In a worrying decision, the Court of Appeal, in the Housing Corporation v Bryant, find that, in order for a worker to argue that she or he has been victimised in a sex or race discrimination claim, they must show a 'causative link' in the originating application between the protected act and the subsequent detriment suffered.

This is an instance of the Court of Appeal taking an over-legalistic approach to Tribunal applications, which is inconsistent with, for example, recent decisions which suggest that a claim for race discrimination will automatically incorporate any claim for race discrimination, whether direct or indirect.

Ms Bryant complained to her employer that, during an interview, the employer's regional director had made offensive and inappropriate comments of a sexual nature to her. She was sent a letter which acknowledged that the comments had been contrary to the employer's equal opportunity policy. Two weeks later, Ms Bryant was informed that she was to be dismissed in three months' time.

Ms Bryant made complaints to the Employment Tribunal of unfair dismissal and sex discrimination. She set out in detail the events leading up to the termination of her employment, but she did not use the word 'victimisation', and she also did not expressly state that, in her contention, her dismissal was on account of her having carried out a "protected act", that is her making the complaint concerning inappropriate comments of a sexual nature.

When Ms Bryant attempted to amend her originating application to include a claim of victimisation, the Employment Tribunal refused her permission. The reason was that the originating application itself had not disclosed any grounds for a claim of victimisation and the application, essentially to add a fresh claim, was by then out of time. Although the Employment Appeal Tribunal overruled the Employment Tribunal's decision, the Court of Appeal reinstated it.
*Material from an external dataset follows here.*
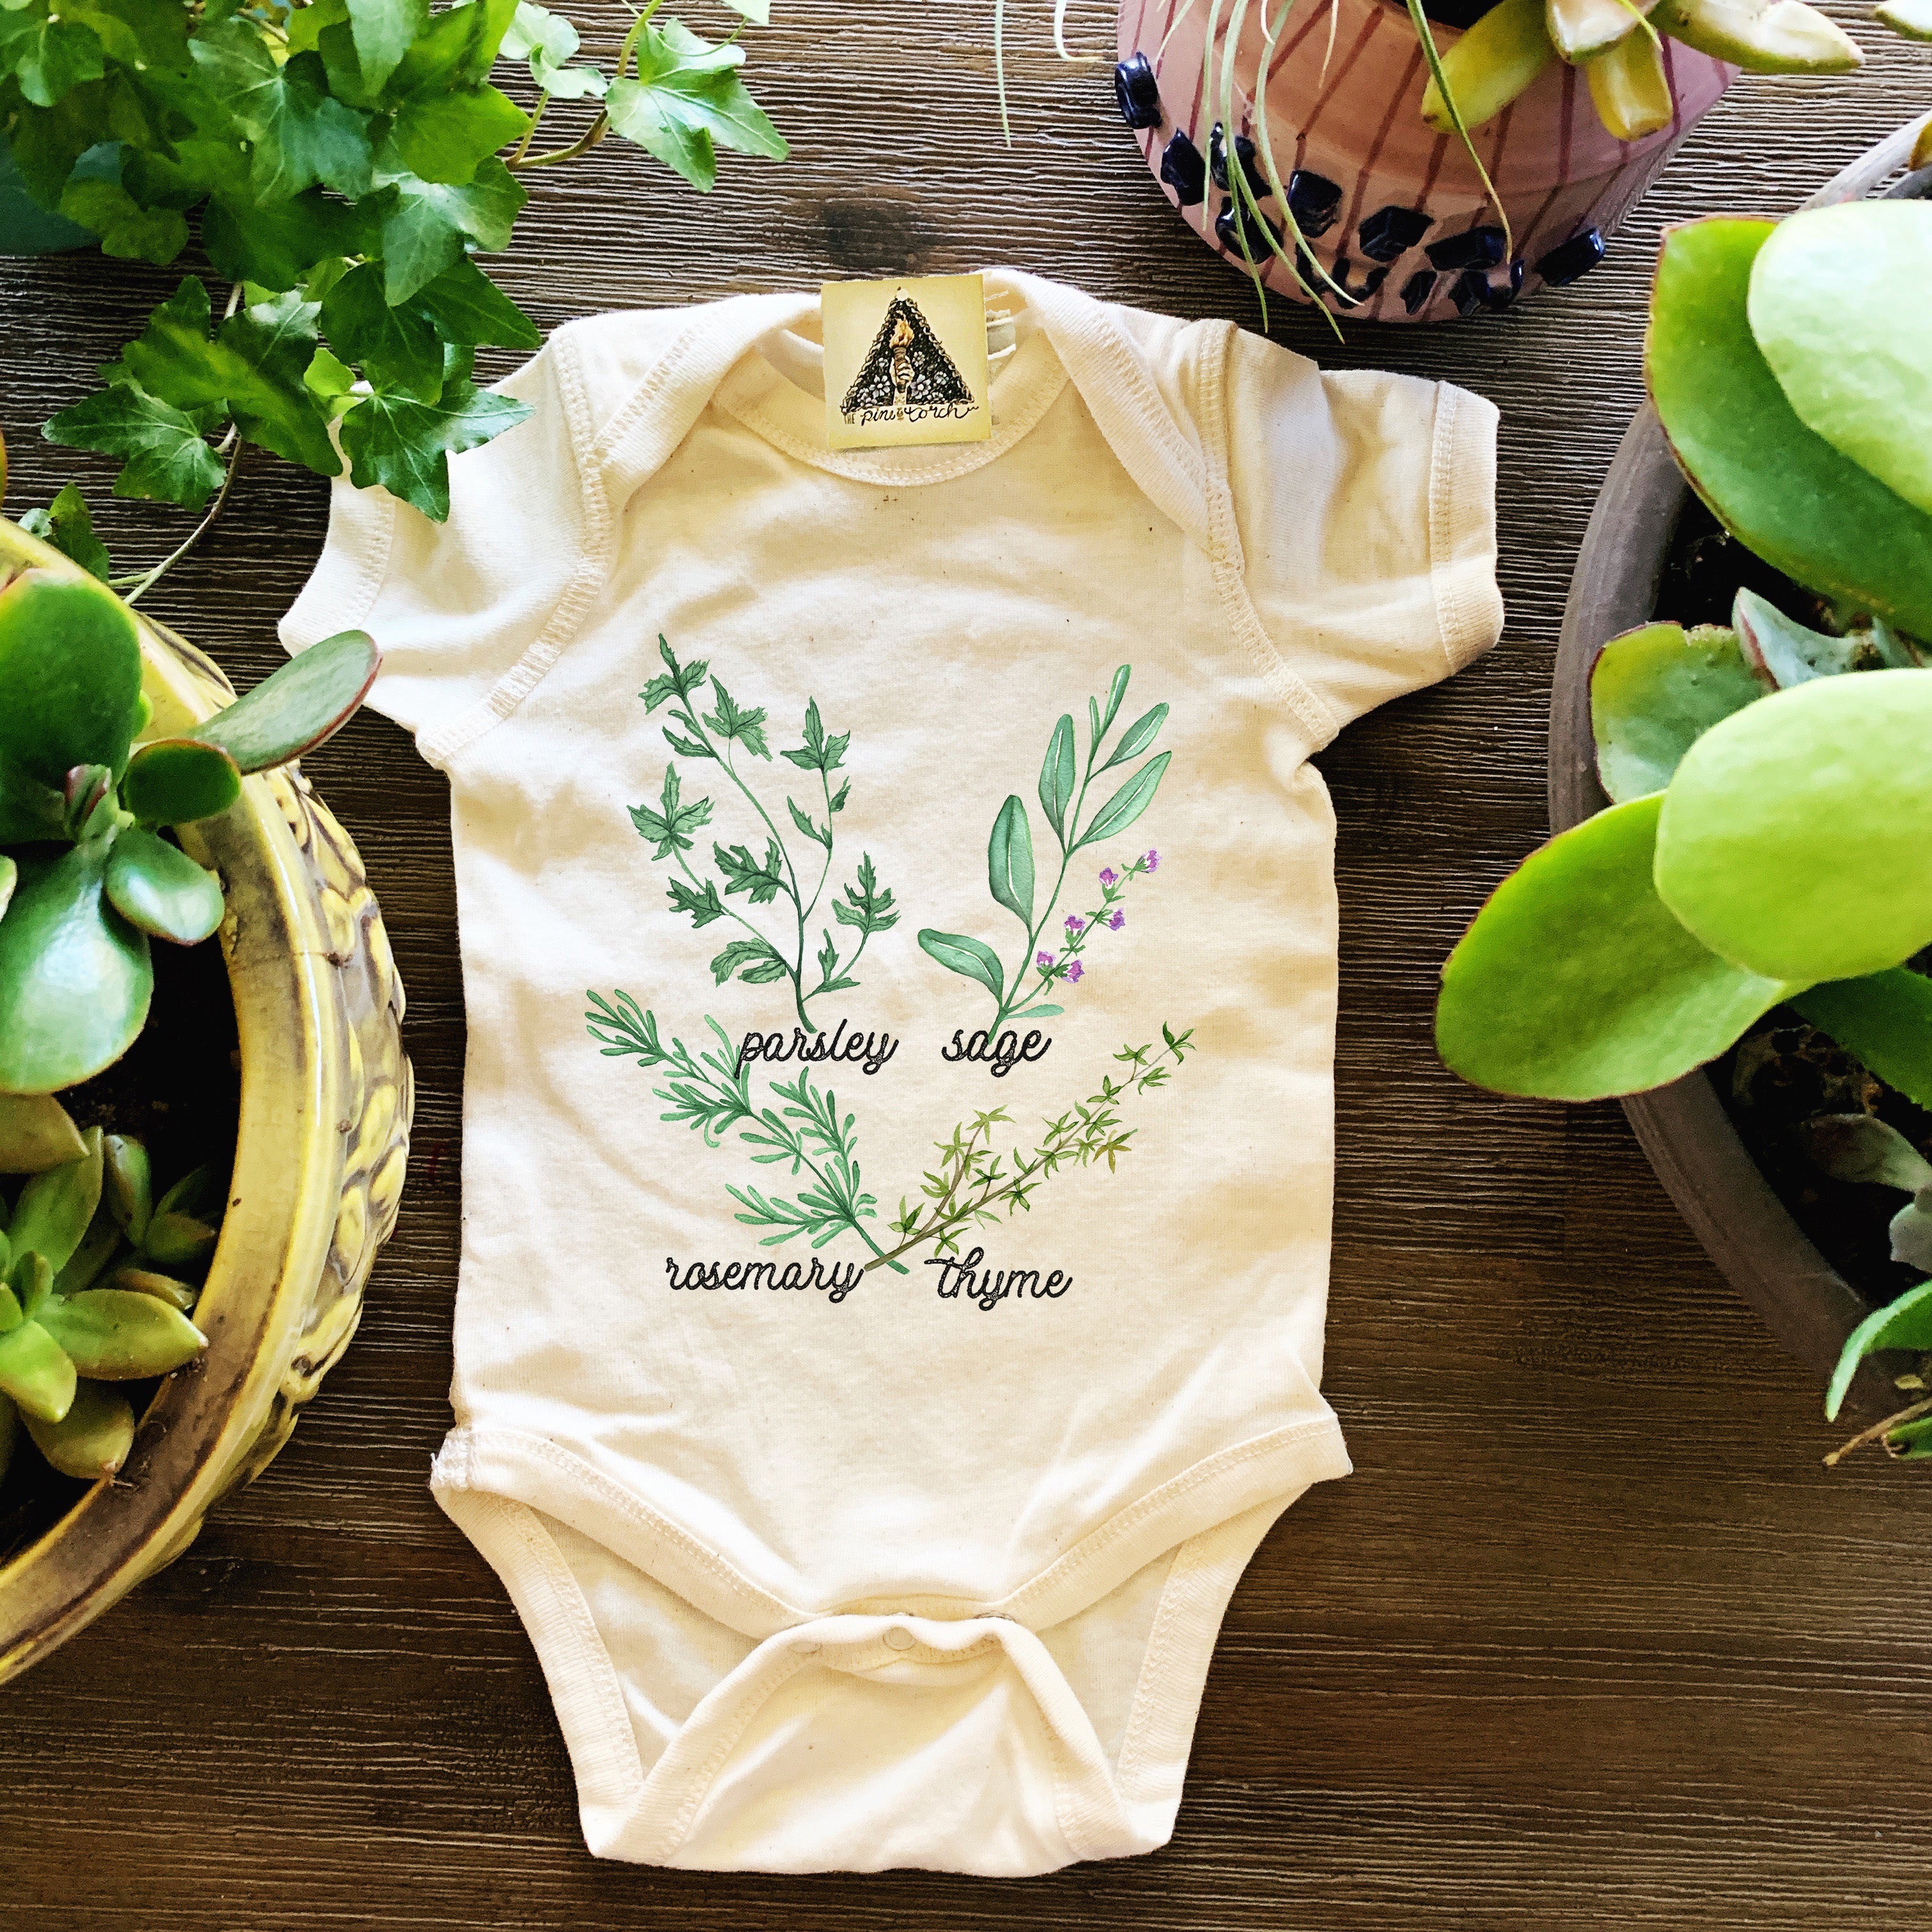 « PARSLEY, SAGE, ROSEMARY, AND THYME » BODYSUIT

According to the Court of Appeal, unless the originating application demonstrated a 'causative link' between the making of the allegations of sex discrimination and the dismissal, then it did not encompass a claim of victimisation.

The decision has already been followed in Lewis v Blue Arrow Limited, where an Applicant was refused leave to add a claim of victimisation to a pre-existing claim of race discrimination on the ground that it was out of time and it would not be just and equitable to extend time.

Great care must be taken in drafting originating applications where there is a complaint of victimisation. It will be essential to cite victimisation in Box 1 in the IT1. It will be helpful to identify the 'protected act' and then allege specifically that the detriment suffered was on account of the performance of the protected act in the full details of complaint in Box 10.

In the absence of an express causative link, it is likely that a Tribunal will find that the claim is one only of direct discrimination and any subsequent attempt to amend to include a claim of victimisation may well be treated as out of time.